Wednesday, 2 May 2012

The Outsider (3 Stars)


This film confused me when I watched it. It wasn't so much that I didn't understand what was happening, it was that I didn't understand the motivation of the central character, Lukas Berlinger. At different times in the film, which takes place over a period of 30 years, he's pursuing different goals, some altruistic, others to make money. After watching the film I read the booklet enclosed with the DVD. Ah ha, it's a true story! That explains everything. Our lives don't have well defined plots, we move in different directions over the years, and there's even the deus ex machina which is a poor plot device in a fictional screenplay, but it's part of real life.

Lukas Berlinger was the son of a rich industrialist who owned a factory in South Germany making chemicals. His father took in a boy, Johannes Roeder, who lost his parents, and the two grew up as brothers and friends. Lukas studied biochemistry, graduating with honours, and took over his father's factory. Johannes became a politician and had a high position in the Nazi party. Because of his important career Lukas was excused from military service, but he was lazy and spent his days getting drunk.
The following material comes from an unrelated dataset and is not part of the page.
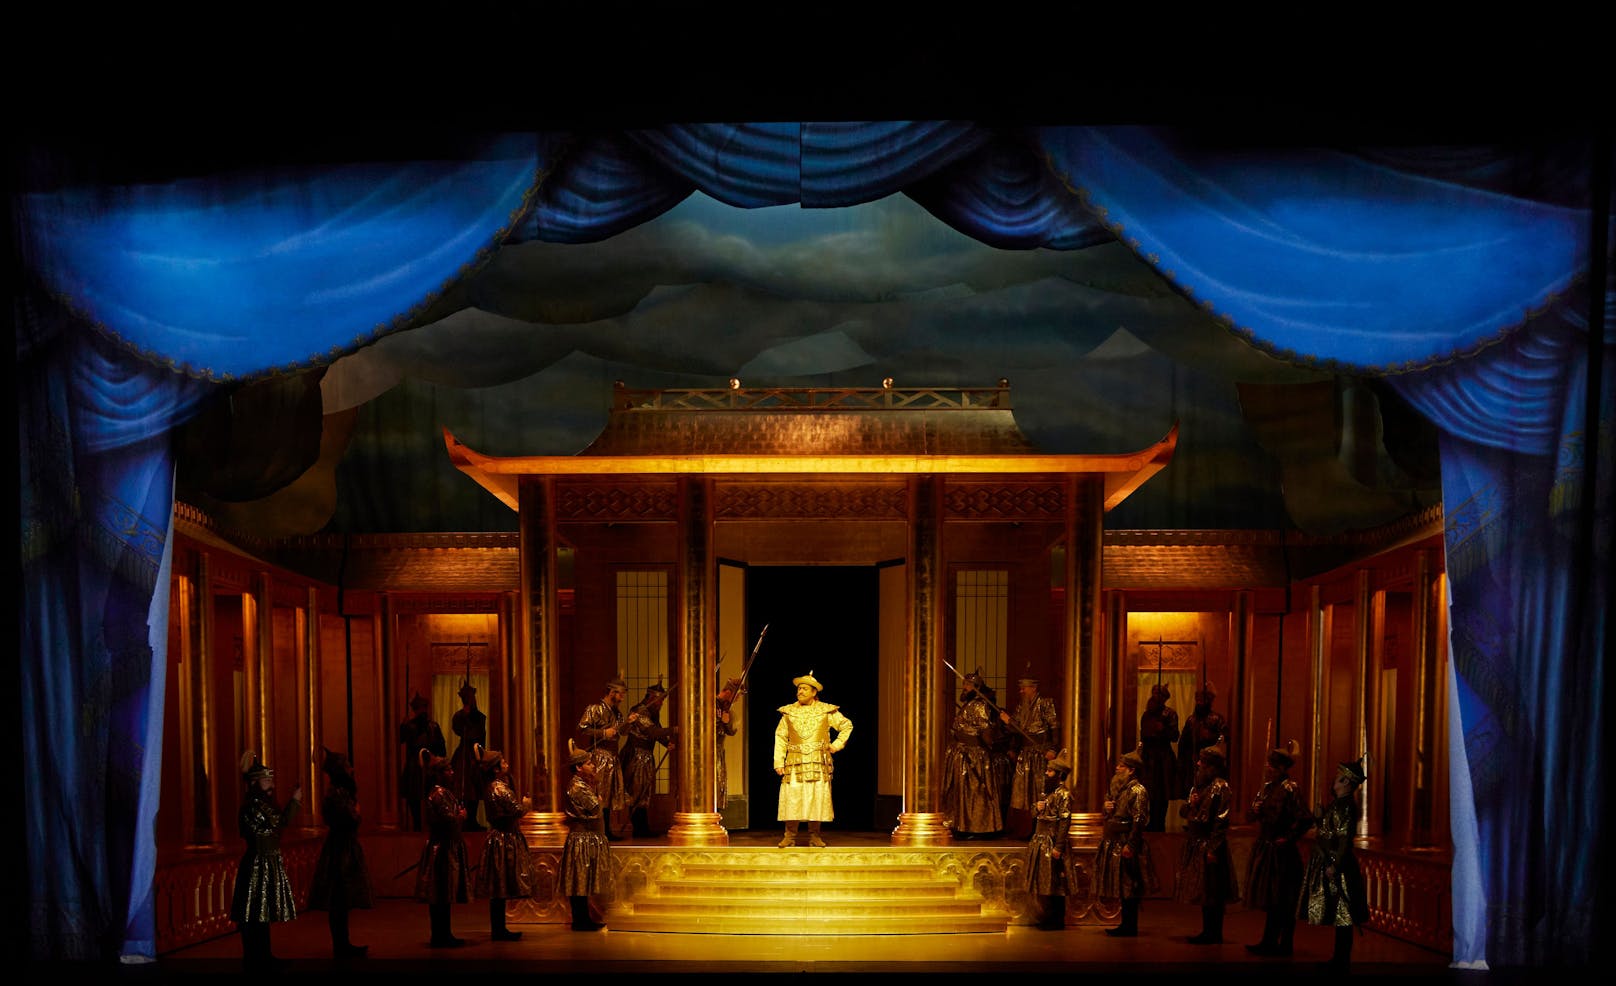 Am Musiktheater an der Wien feiert das Stück "Kublai Khan" über 200 Jahre nach Erstellung Uraufführung.

Then he finally found the motivation to do something useful: he learnt how to fly a plane and began to smuggle people out of Germany into Switzerland. He did this successfully for years while continuing to feign laziness, but the Nazis began to put pressure on him to work harder. His wife committed suicide, so he fled from Germany and settled in Argentina. He had to leave his son behind, who was adopted by Johannes.

For the next 20 years he worked developing ways to grow food in the world's dry regions and became an internationally acclaimed scientist. In the process he also became very rich. In 1968 he finally returned to Germany. Johannes was still active in politics; he had become a senator in Baden-Württemberg. He had also been buying land to build a large recreational park. The only problem was that Lukas's abandoned factory stood in the middle of the land. Protesters lobbied Lukas to ask him not to sell, and he agreed. He decided to use the old factory to build zeppelins. Yes, zeppelins! When I watched the film this seemed silly, because the production of zeppelins had been halted 30 years earlier. As a piece of fiction this would have been too ridiculous to believe, but it really happened. This was the pet product of an eccentric old man with a lot of money.

Then came the deus ex machina. There was a thunder storm and the factory was hit by lightning. Everything went up in flames. Lukas was thought to be dead, but he flew away in a small aircraft. He cruised over the Swiss alps enjoying the scenery until he finally ran out of fuel and crashed. This aspect of the film is poetic, of course, we can't be sure that it was what really happened, but we know that he crashed, and the suicide makes a good end to the story.

Overall, this is a curious film about a curious man. A really pleasant and entertaining character, someone that I wish I'd known personally.